To collect or not to collect: that is often not the right question

I saw this tweet a while back, and whilst it’s in the context of data collection in libraries, it speaks to something I hear in edtech conversations more generally and was reminded of again this weekend e.g. how we shouldn’t be collecting all this data about our students. The statement above about not collecting user data is of course absolutely true; but also something I find frustrating and perhaps a little dangerous even. I fear that framing concerns in black and white terms risks that such concerns are too easily dismissed as a lack of understanding about technology more generally. I’ll try to explain my no doubt woolly thinking…

At their most basic level our learning technology systems are some code and some persistent storage, probably an RDBMS. Even if there’s no explicit stats tracking built in (and system audit trails have been a support feature for a very long time so there probably are) there’s *always* data, and even a relatively small of data can have quite a bit squeezed out of it.

As an example, consider a discussion forum. You have a class cohort with access to it, some have posted, some have not. Some have replied to others posts. You are then holding at the most basic level (a) post content (b) relationships between posts (c) author identifiers (d) post dates.

Immediately that’s enough data there to do some rudimentary social network analysis to graph the activity on the forum and relationships between post authors.

You’ve also got the post content, so you can do some topic modelling analysis to identify roughly what’s being discussed.

You can also start to create derived data variables – who *isn’t* there from the larger class cohort (even if your VLE isn’t tracking who is visiting but not posting – which most do in the system audit log btw).

You’ve also got date information, so you can graph how conversations unfold over time, perhaps creating more derived data by considering how close posts are created to key dates on the course, or perhaps even just day of the week – are students posting regularly or in bursts? You could create new a data point for student engagement based on rough thresholds of activity.

You can start to combine some of this too – for example weaving conversational topics into your social network analysis to see which students are clustering around which topics of conversation. You could start to create even more derived data by thinking about network centrality as another rudimentary measure of engagement.

What might you do with this data? You might reach out to the students who haven’t posted at all, or to the lurkers, or to the highly engaged. You might use it to inform how you teach the next iteration of this course. You, or a vendor, might use it to inform development of the software. Who decides on these uses though?

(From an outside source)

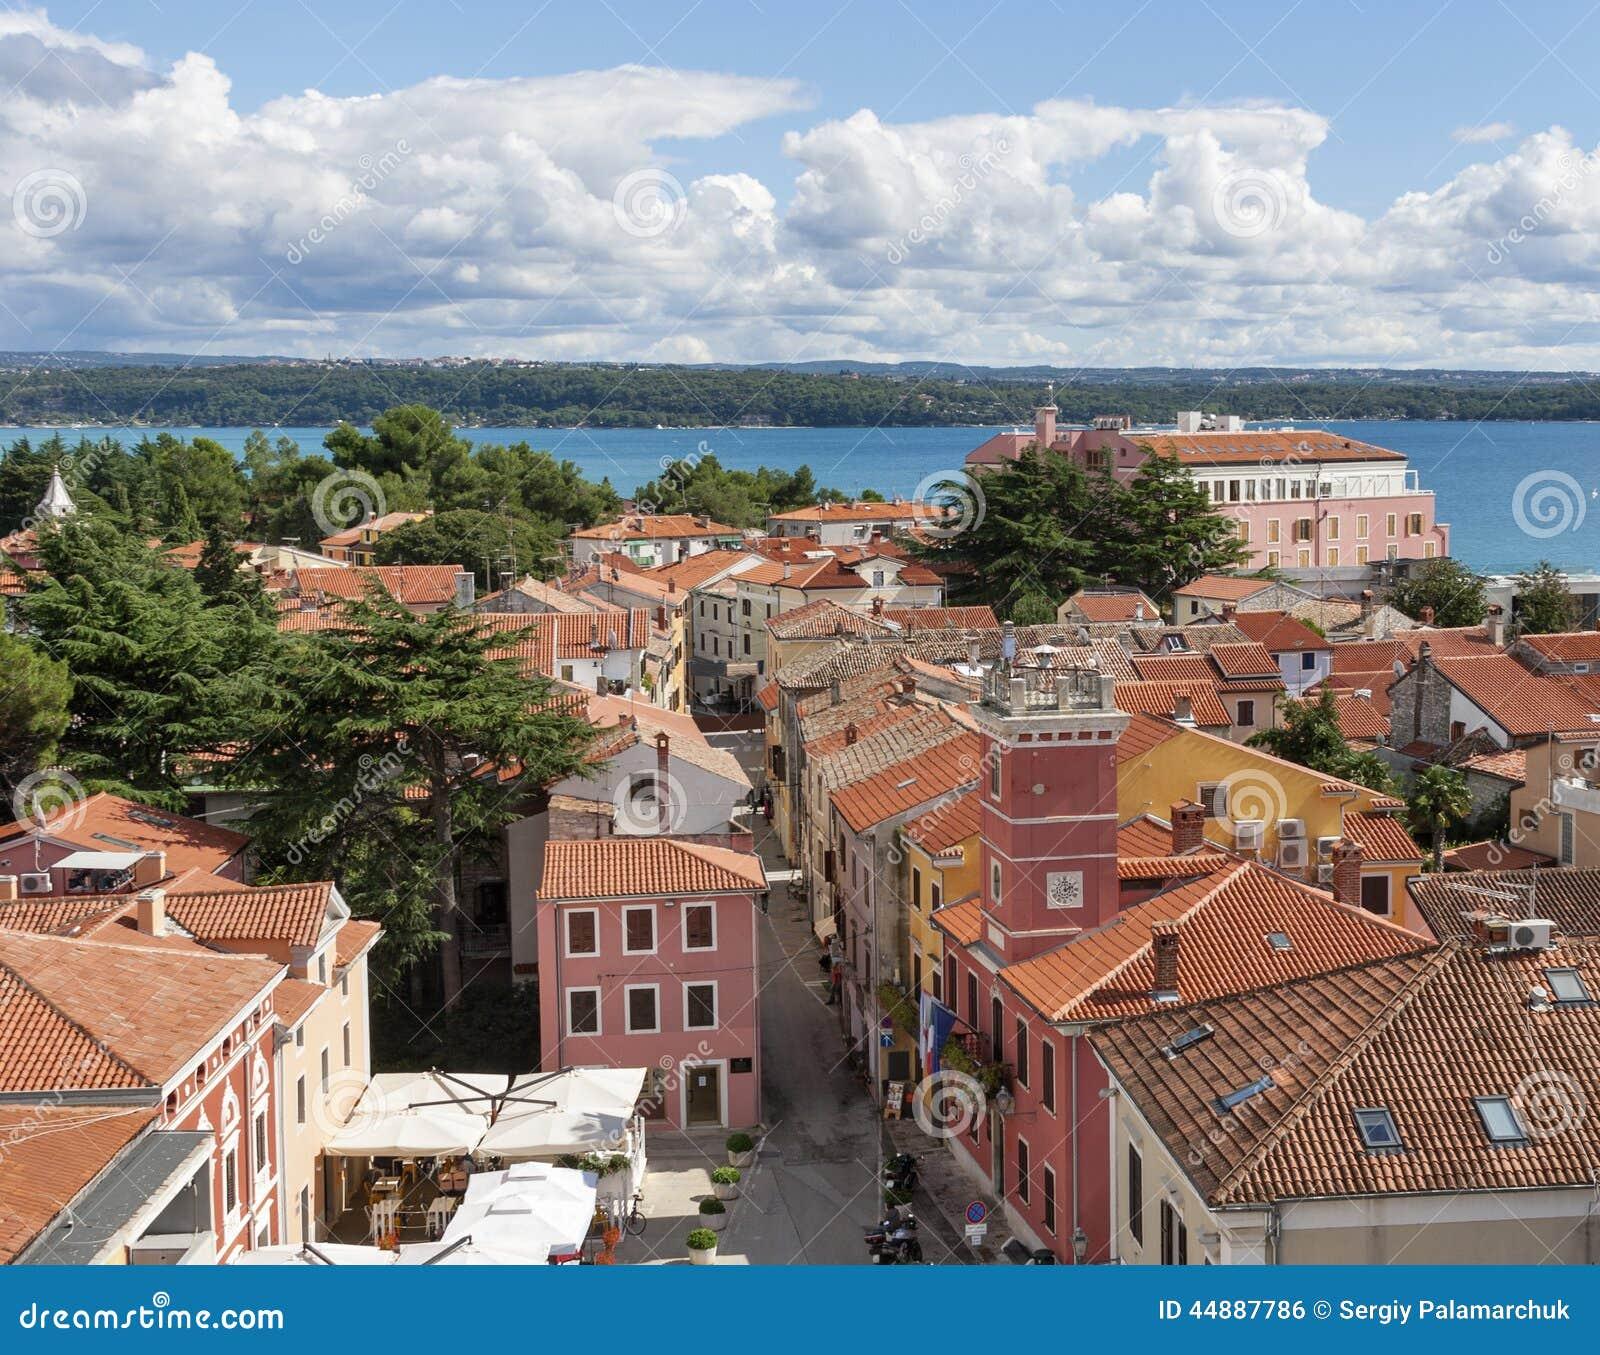 Mediterranean Style Houses With Ocean Views: Novigrad Cityscape, Istria, Croatia Stock Photo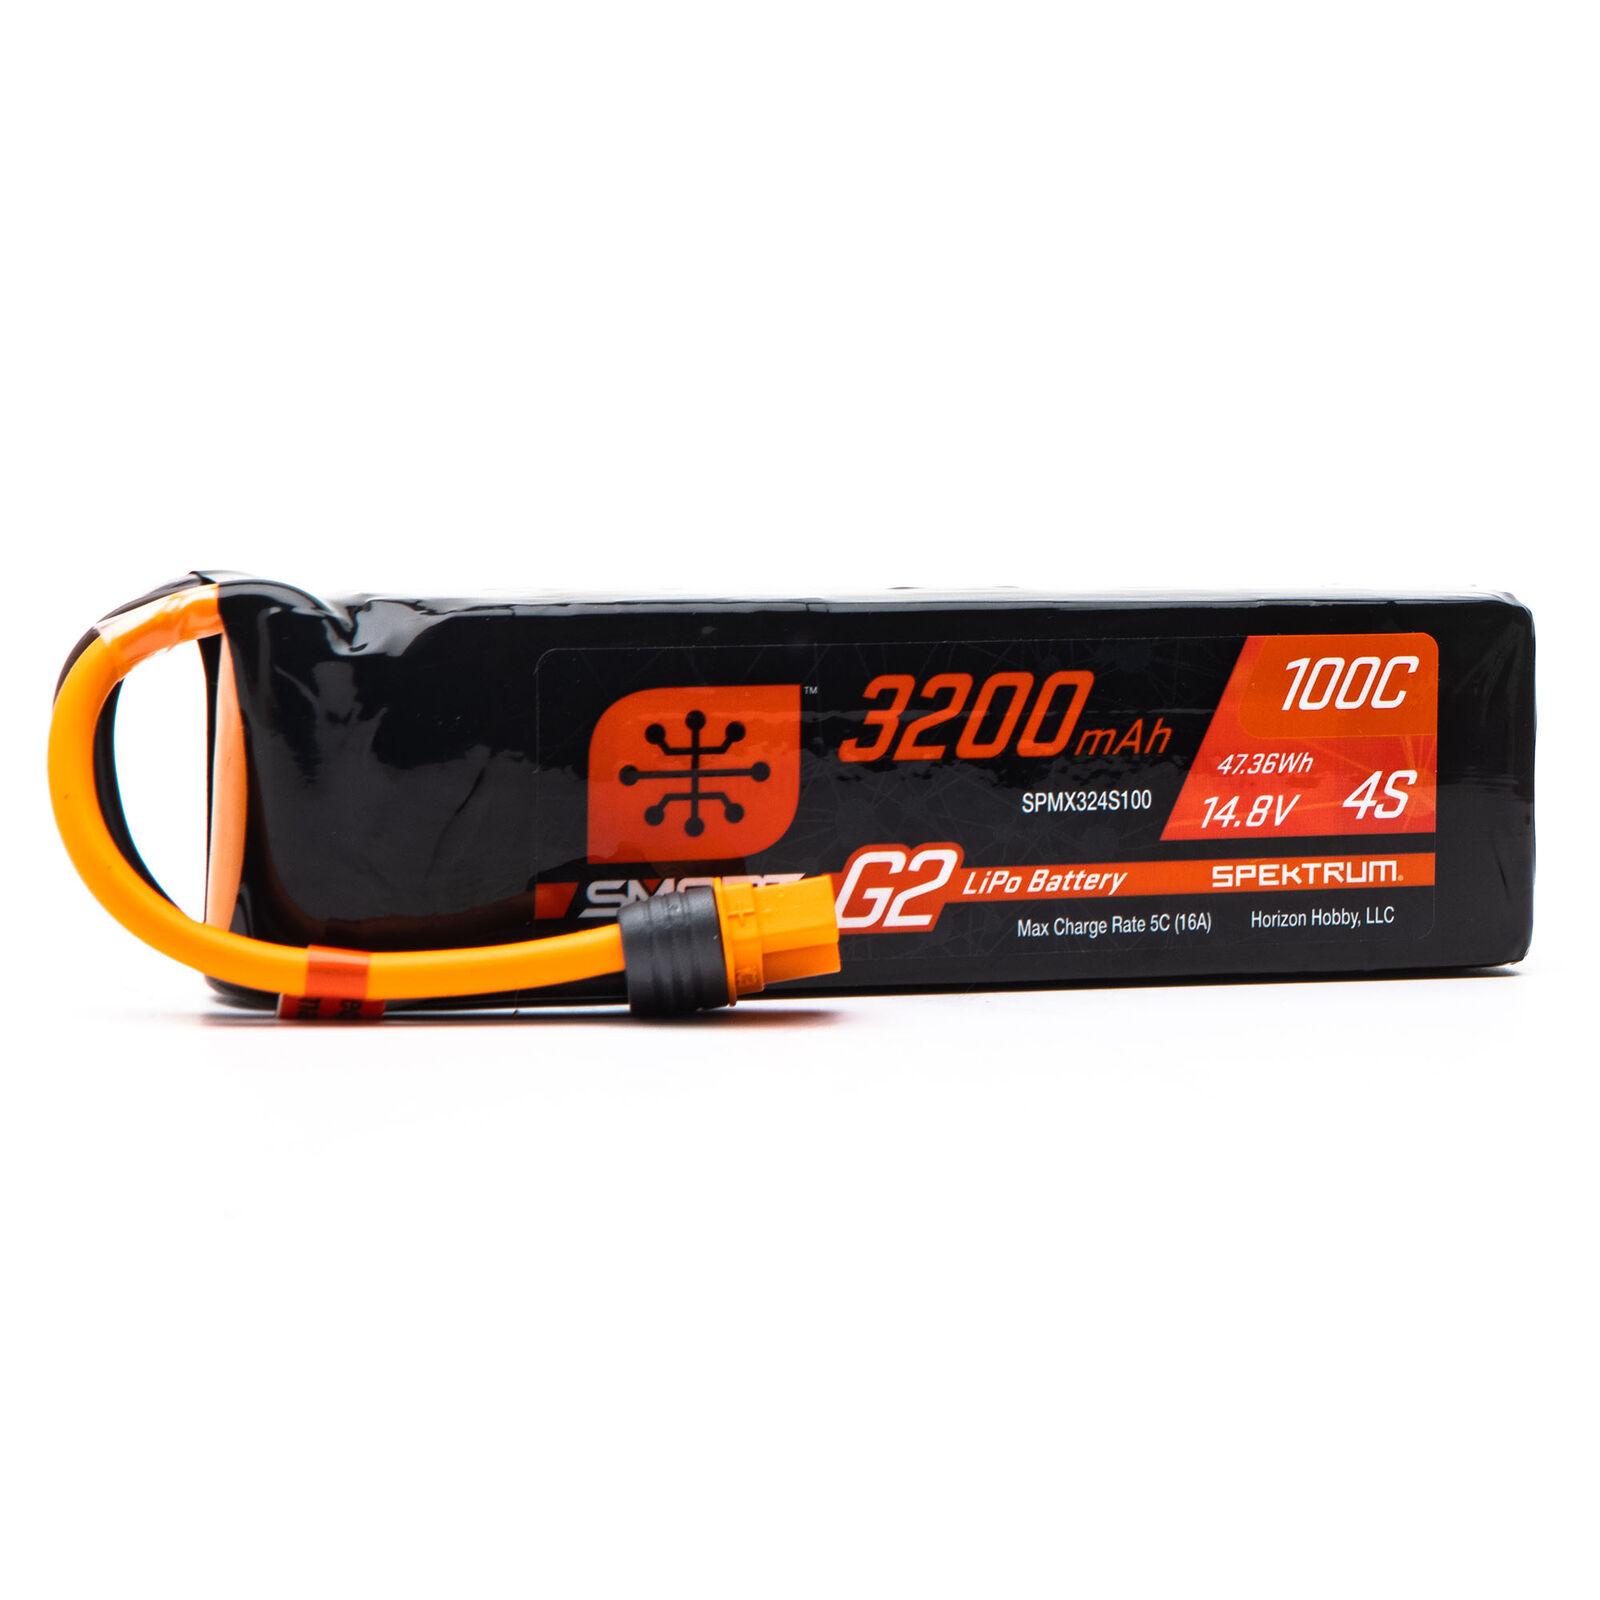 14.8V 3200mAh 4S 100C Smart G2 LiPo Battery: IC3

The question then about whether to collect data or not, is in practical terms a fundamental question about whether to use technology or not.

Once you start using whatever system or software, the critical questions very quickly need to move on to what data exists, who sees it, what’s done with it, and how long it persists. We often talk about tracking students in edtech systems like it’s an additional layer of data collection, when in very many cases (though not all) what we’re dealing with is secondary uses for data that already exists as fundamental parts of the systems we use. Using polemical arguments about data collection or not then carries a very real risk of being dismissed as simplistic and naive, and with it go the more vital and nuanced questions about uses of data.